┌──
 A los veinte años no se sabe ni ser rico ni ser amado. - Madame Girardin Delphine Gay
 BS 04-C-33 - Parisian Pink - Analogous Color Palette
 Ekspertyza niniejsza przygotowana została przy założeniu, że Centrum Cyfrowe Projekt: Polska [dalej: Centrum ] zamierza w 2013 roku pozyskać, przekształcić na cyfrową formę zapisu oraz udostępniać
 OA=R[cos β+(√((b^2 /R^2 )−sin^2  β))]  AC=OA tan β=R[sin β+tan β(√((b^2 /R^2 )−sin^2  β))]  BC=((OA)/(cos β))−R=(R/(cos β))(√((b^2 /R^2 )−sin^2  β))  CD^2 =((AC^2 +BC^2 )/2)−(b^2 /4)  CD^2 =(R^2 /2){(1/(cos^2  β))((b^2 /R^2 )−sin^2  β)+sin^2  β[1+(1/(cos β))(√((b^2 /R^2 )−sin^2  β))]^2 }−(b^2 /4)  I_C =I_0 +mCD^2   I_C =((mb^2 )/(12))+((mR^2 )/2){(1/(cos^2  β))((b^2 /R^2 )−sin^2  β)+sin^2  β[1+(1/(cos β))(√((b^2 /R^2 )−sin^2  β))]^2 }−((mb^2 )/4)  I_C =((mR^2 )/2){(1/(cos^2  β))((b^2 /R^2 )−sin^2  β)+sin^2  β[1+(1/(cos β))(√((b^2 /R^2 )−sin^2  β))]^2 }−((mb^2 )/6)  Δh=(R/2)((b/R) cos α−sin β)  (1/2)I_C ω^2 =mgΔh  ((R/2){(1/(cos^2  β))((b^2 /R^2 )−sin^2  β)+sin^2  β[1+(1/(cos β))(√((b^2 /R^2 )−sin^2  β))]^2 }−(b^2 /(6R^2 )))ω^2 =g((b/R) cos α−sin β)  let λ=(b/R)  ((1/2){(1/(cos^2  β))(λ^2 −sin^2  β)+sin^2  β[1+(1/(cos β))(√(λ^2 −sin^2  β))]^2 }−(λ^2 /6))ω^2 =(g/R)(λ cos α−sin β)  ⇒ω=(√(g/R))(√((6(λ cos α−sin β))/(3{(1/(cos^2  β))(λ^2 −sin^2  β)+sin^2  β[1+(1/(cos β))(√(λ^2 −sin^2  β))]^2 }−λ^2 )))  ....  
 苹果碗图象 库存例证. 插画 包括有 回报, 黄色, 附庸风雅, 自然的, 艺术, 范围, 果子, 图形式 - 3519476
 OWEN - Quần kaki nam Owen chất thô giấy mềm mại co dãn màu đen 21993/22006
└──
Task item »
Please copy, exactly as written, every line in the listing above from the line with "BS 04-C-33 - Parisian" up to and including the line with "苹果碗图象 库存例证. 插画".

Completed task »
 BS 04-C-33 - Parisian Pink - Analogous Color Palette
 Ekspertyza niniejsza przygotowana została przy założeniu, że Centrum Cyfrowe Projekt: Polska [dalej: Centrum ] zamierza w 2013 roku pozyskać, przekształcić na cyfrową formę zapisu oraz udostępniać
 OA=R[cos β+(√((b^2 /R^2 )−sin^2  β))]  AC=OA tan β=R[sin β+tan β(√((b^2 /R^2 )−sin^2  β))]  BC=((OA)/(cos β))−R=(R/(cos β))(√((b^2 /R^2 )−sin^2  β))  CD^2 =((AC^2 +BC^2 )/2)−(b^2 /4)  CD^2 =(R^2 /2){(1/(cos^2  β))((b^2 /R^2 )−sin^2  β)+sin^2  β[1+(1/(cos β))(√((b^2 /R^2 )−sin^2  β))]^2 }−(b^2 /4)  I_C =I_0 +mCD^2   I_C =((mb^2 )/(12))+((mR^2 )/2){(1/(cos^2  β))((b^2 /R^2 )−sin^2  β)+sin^2  β[1+(1/(cos β))(√((b^2 /R^2 )−sin^2  β))]^2 }−((mb^2 )/4)  I_C =((mR^2 )/2){(1/(cos^2  β))((b^2 /R^2 )−sin^2  β)+sin^2  β[1+(1/(cos β))(√((b^2 /R^2 )−sin^2  β))]^2 }−((mb^2 )/6)  Δh=(R/2)((b/R) cos α−sin β)  (1/2)I_C ω^2 =mgΔh  ((R/2){(1/(cos^2  β))((b^2 /R^2 )−sin^2  β)+sin^2  β[1+(1/(cos β))(√((b^2 /R^2 )−sin^2  β))]^2 }−(b^2 /(6R^2 )))ω^2 =g((b/R) cos α−sin β)  let λ=(b/R)  ((1/2){(1/(cos^2  β))(λ^2 −sin^2  β)+sin^2  β[1+(1/(cos β))(√(λ^2 −sin^2  β))]^2 }−(λ^2 /6))ω^2 =(g/R)(λ cos α−sin β)  ⇒ω=(√(g/R))(√((6(λ cos α−sin β))/(3{(1/(cos^2  β))(λ^2 −sin^2  β)+sin^2  β[1+(1/(cos β))(√(λ^2 −sin^2  β))]^2 }−λ^2 )))  ....  
 苹果碗图象 库存例证. 插画 包括有 回报, 黄色, 附庸风雅, 自然的, 艺术, 范围, 果子, 图形式 - 3519476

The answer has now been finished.